Ezra didn't need to imagine it. She'd had many such debates with other students when she was in uni, discussions she'd bring home to Dad, to see if any had merit. Now, the one scenario that had even the mighty and brave Siddhartha Mayur blanching white simmered in the back of her mind.

She could almost imagine the sound of bombs dropping in high-density areas. They'd make the atomic bomb look like firecrackers in comparison.

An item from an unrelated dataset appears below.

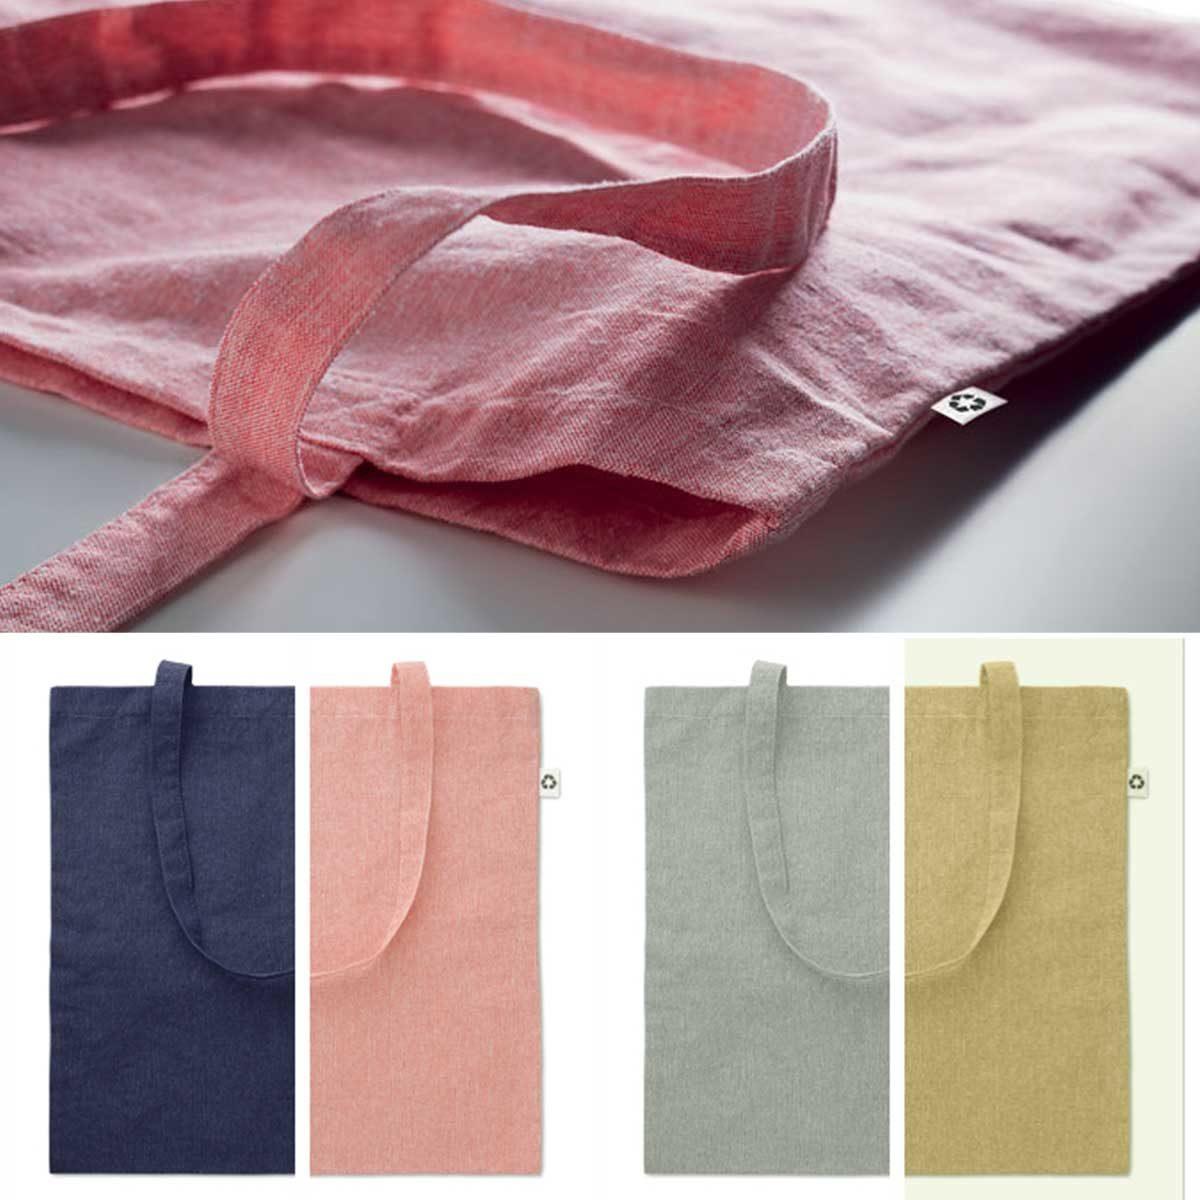 Cotton Jean Bag

"They'll target cities at critical mass and blame it on an integral malfunction at the plants or silos. Or a hacker, some disgruntled 'scapegoat' they'll latch the blame on probably," had been her dad's exact words. "If worse comes to worst, that's what they will do, those deep-pocketed bureaucrats and politicians. To save their bacon..."

But what if I can stop them? Stop them from making this...?

'How would you do that?' her skeptic voice raised the issue.

"As the General said, it's me or some other scientist they grab..." Ezra eyed that grey door, chewing her lips. She'd have to come up with something. Given time, she could. She was sure she could come up with something.

'Yes, and?'

"If I design this thing..." Ezra paused, suddenly aware that they may have bugged the room. Her dad had taught her not to trust any unfamiliar spaces. There could be cameras and microphones. Gadgets that could steal her secrets... her haphazard plan to foil any nefarious projects...

If I design this, maybe I can put in some fail-safe? Something? I don't know... something that could stop it from spreading like wildfire...

Thus, by the time that door opened again, at precisely midnight, Ezra Mayur realised there was no choice before her. She was the only one who could save her family, and she was also the only one she wanted doing this abominable job. If anyone was going to design a pathogen for 'pest control', it would be her because she doubted the next person may share her morality.

So Ezra jumped off that bed as General Waterford crossed the threshold. "I'll do it." She hadn't meant to sound so enthusiastic, but the smile on his face told her he bought into it.